É a partir das memórias da infância do Sr. João Vieira que podemos detetar a ideia de harmonia projetada na onipotência da presença do mar e sedimentada em certas imagens que aparecem carregadas de força expressiva. Referindo-se às imagens do mar que condicionaram todas as fases da sua existência, o Sr. João Vieira declara:

“Fui com seis anos para a escola. Eu fugia da escola e ia para a tenda do Mestre José da Costa que era um baleeiro muito amigo do meu pai[1], um dos velhos baleeiros de longo curso. Contava aventuras dos mares do sul, nas ilhas Samoa, nas ilhas Fiji, andaram por aí na baleação.

Eu queria ser baleeiro. Eu disse: se me derem uma carta náutica, uma bússola boa e uma tabela, eu navego para qualquer parte do mundo”.

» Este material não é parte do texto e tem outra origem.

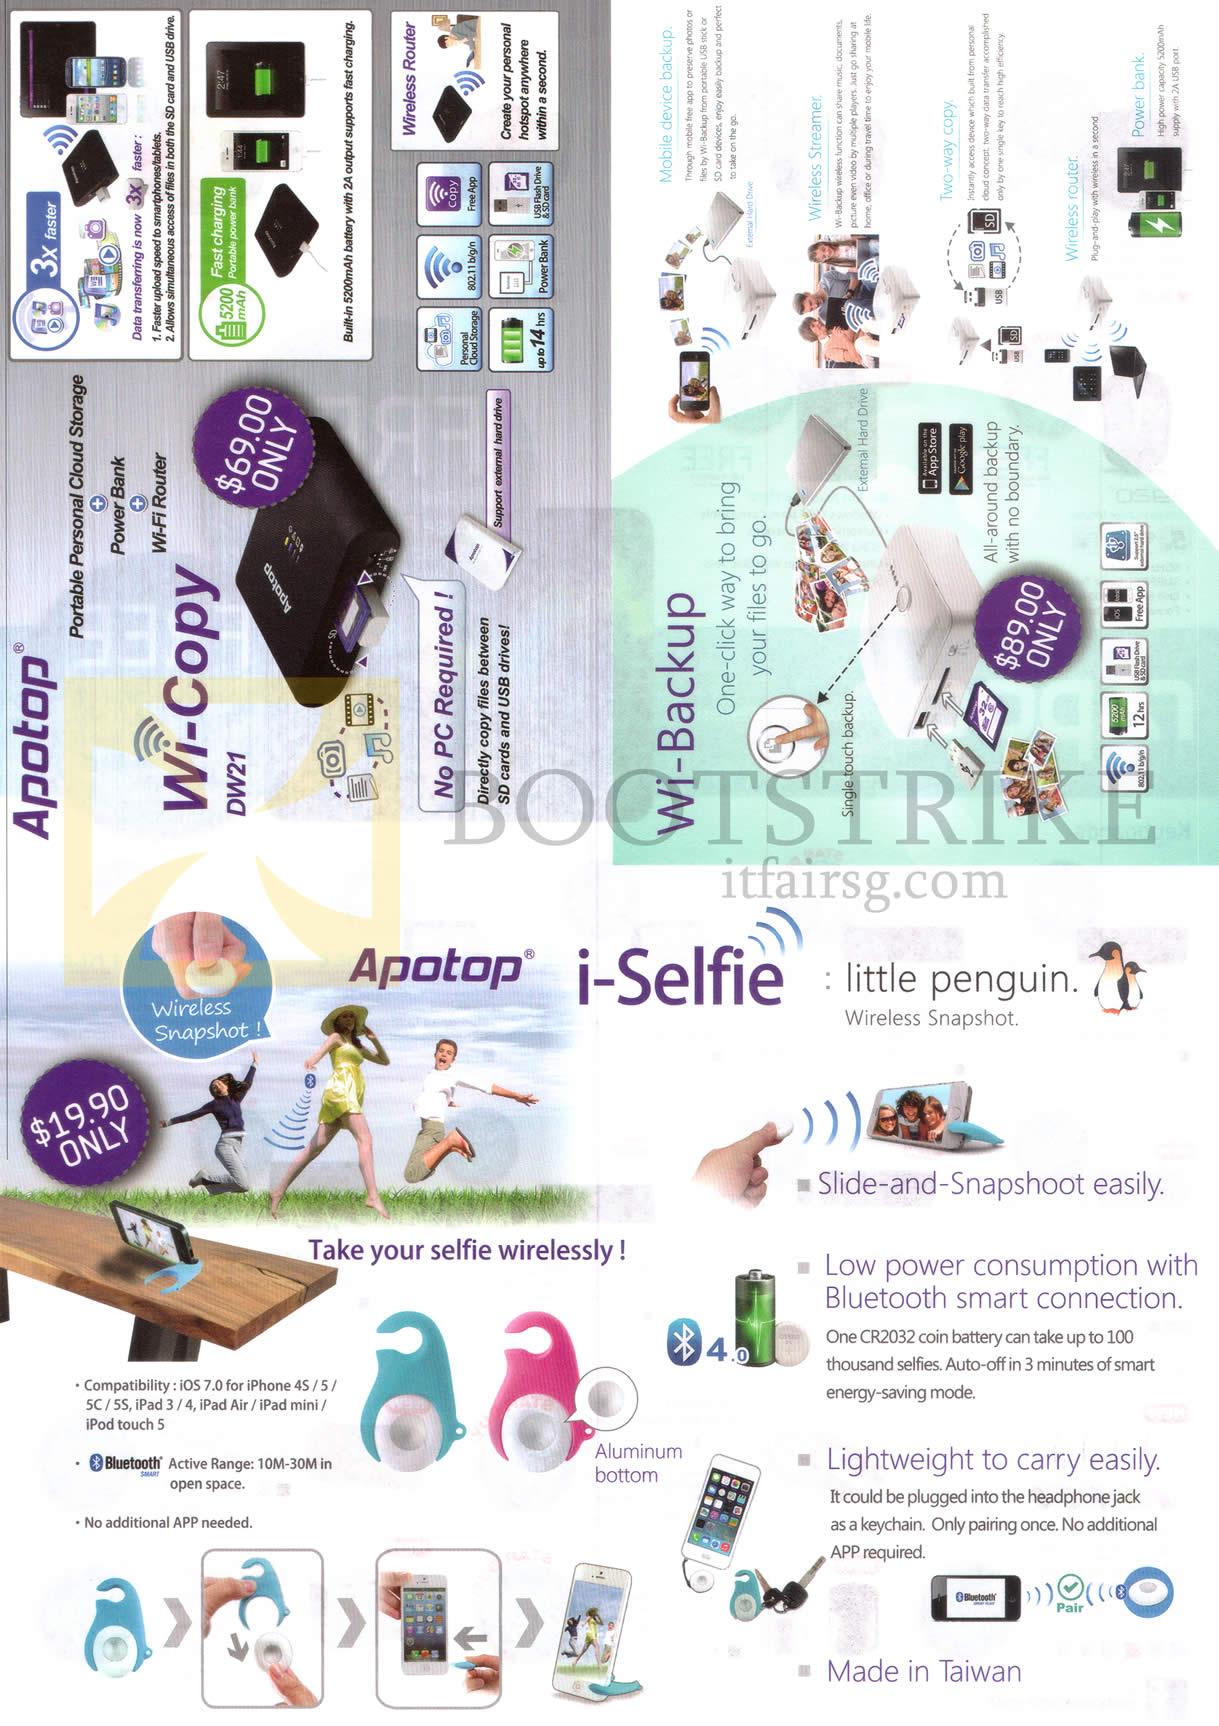 PC SHOW 2014 price list image brochure of Apotop Wi Copy DW21, Wi-Backup, I-Selfie

As imagens dos baleeiros e das suas épicas viagens pelo vasto mar são como um aguilhão que estimula a longevidade dos gestos e das emoções da infância. Elas reativam e apaziguam as experiências conflituosas e através delas vemos a reencenação das ações do nosso narrador. Daí compreende-se porque para ele a baleação e as demais artes náuticas devem ser vistas como o continuum da história da ilha. O medium que corresponde a possibilidade de restauração e de comunicação do tempo orgânico do mundo da experiência que é portador do ocorrido e da promessa de trazê-lo para o nosso agora.

Por fim, gostaria de relembrar, ainda que de modo muito sucinto, as palavras do filósofo francês Georges Didi-Huberman:

“a imagem tem frequentemente mais memória e mais futuro do que o ente que a olha” (2017, p.10).

[1] Convém observar que o pai do Sr. João Vieira foi baleeiro. Chamava-se João Gomes Vieira e pertenceu à geração que impulsionou a economia da ilha através da baleação.

 

Bibliografia Consultada

VIEIRA, João Gomes. O Homem e o Mar – Embarcações dos Açores. Lisboa, Edição de Autor, Intermezzo-Audiovisuais, Lda., 2002.

VIEIRA, João Gomes. O homem e o mar : artistas portugueses do marfim e do osso dos cetáceos: Açores e Madeira – vidas e obras. Lisboa: Intermezzo-Audiovisuais, 2003.

VIEIRA, João Gomes. O homem e o mar : os açorianos e a pesca longínqua nos bancos da Terra Nova e Gronelândia. Lisboa: Intermezzo-Audiovisuais, 2004.

VIEIRA, João Gomes. O Homem e o mar : os açorianos e as pescas : 500 anos de memória. Lisboa : Intermezzo, 2006.

VIEIRA, João Gomes. Família Dabney 1804-1892 : memória de um legado. Açores: [s.n., 2005.

VIEIRA, João Gomes. O Homem e o mar: portos e marinas do arquipélago dos Açores : passado, presente e futuro.  fot. Afonso R. Duarte… [et al.]  trad. Murray Todd. Lisboa: Medialand, 2008.